The news cycle has finally (finally!) quieted down a bit in the AI ​​industry this week ahead of the holiday season. But that is not to suggest that writing was in short supply, both a blessing and a curse, for this sleep-deprived reporter.

A particular headline from the Associated Press caught my eye this morning. “AI image generator is trained using explicit photos of children.” The main point of the story is that LAION is Stable Diffusion, Stable Diffusion, imagencontains thousands of images of suspected child sexual abuse. Stanford Internet Watch, a Stamford-based watchdog group, worked with anti-fraud charities to identify illegal content and report links to law enforcement.

Now, LAION, a non-profit organization, has removed the training data and has pledged to remove any offending material before republishing it. However, this incident highlights how little consideration is being given to generative AI products as competitive pressures increase.

Thanks to the proliferation of no-code AI modeling tools, it has become incredibly easy to train generative AI on any dataset imaginable. Bringing such a model to market is a boon for startups and tech giants alike. However, lower barriers to entry create a temptation to abandon ethics and accelerate market entry.

Ethics is difficult.

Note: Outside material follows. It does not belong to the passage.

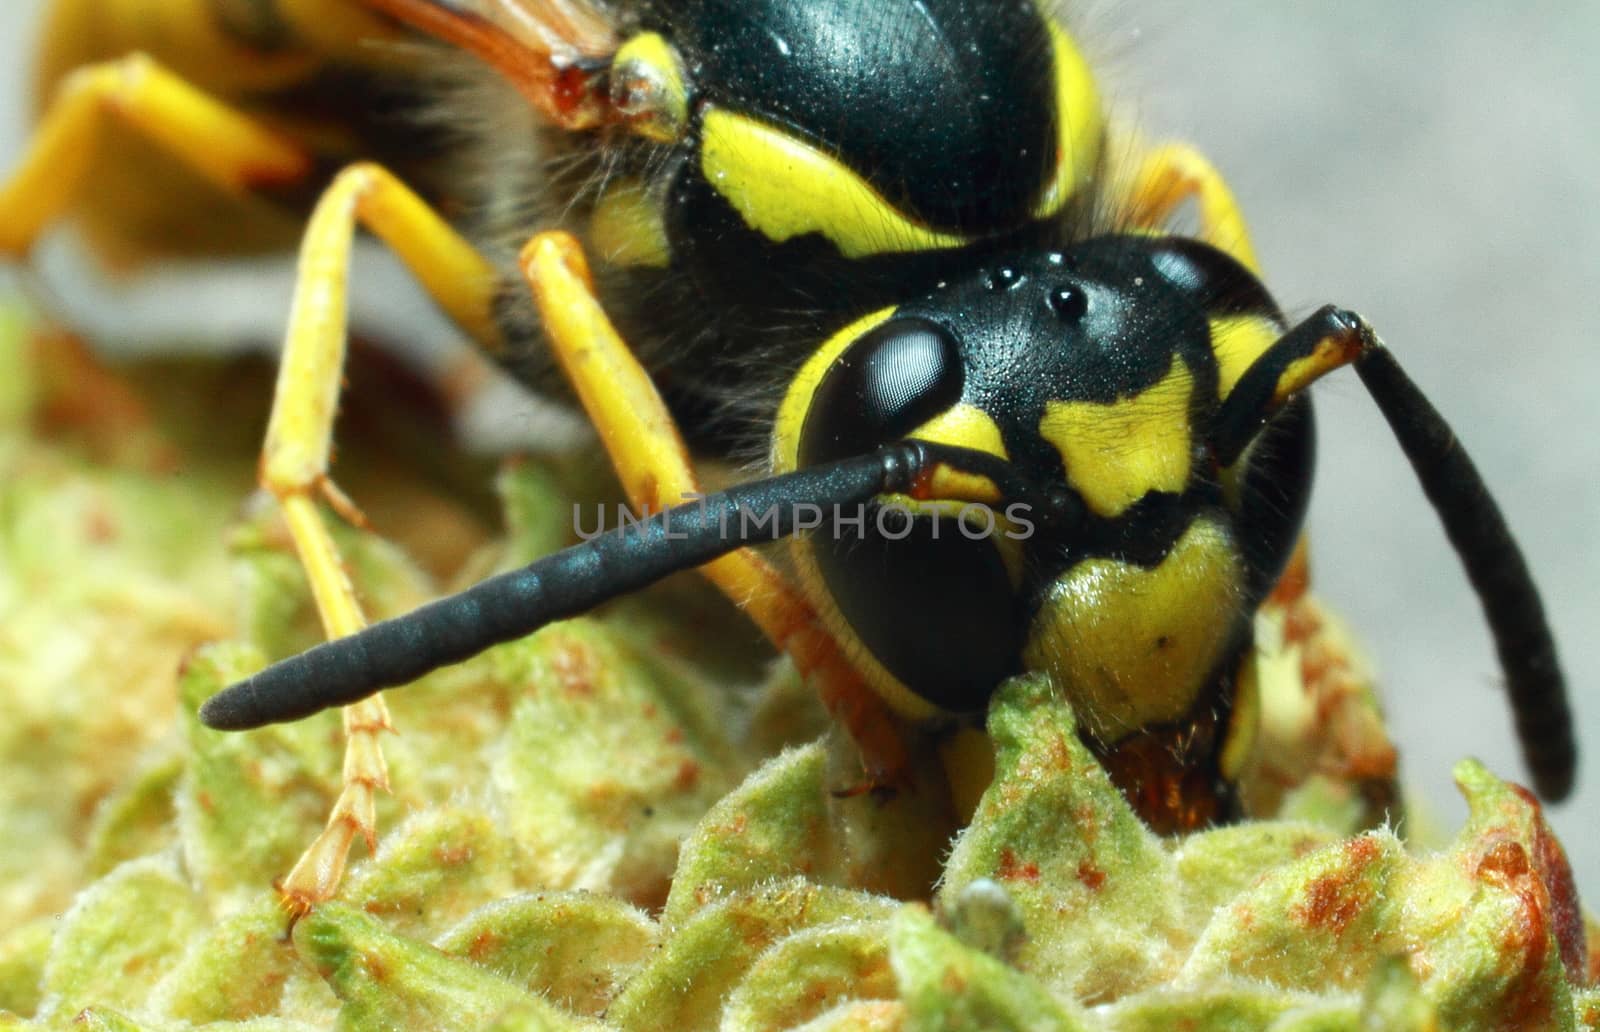 Wasp, yellow-black insect on a plant, close-up by selinsmo

That can’t be denied. To take this week’s example, combing through the thousands of problematic images in LAION doesn’t happen overnight. And ideally, developing AI ethically requires collaboration with all relevant stakeholders, including organizations representing groups that are often marginalized and adversely affected by AI systems.

There are many examples in the industry where decisions to release AI were made with shareholders, rather than ethicists, in mind. Take, for example, Bing Chat (now Microsoft Copilot), his chatbot on Bing that leverages Microsoft’s AI. launch He compared journalists to Hitler and insulted their appearance. As of October, ChatGPT and Google’s ChatGPT competitor Bard were still give Outdated and racist medical advice. The latest versions of OpenAI’s image generator DALL-E are: evidence Anglocentric.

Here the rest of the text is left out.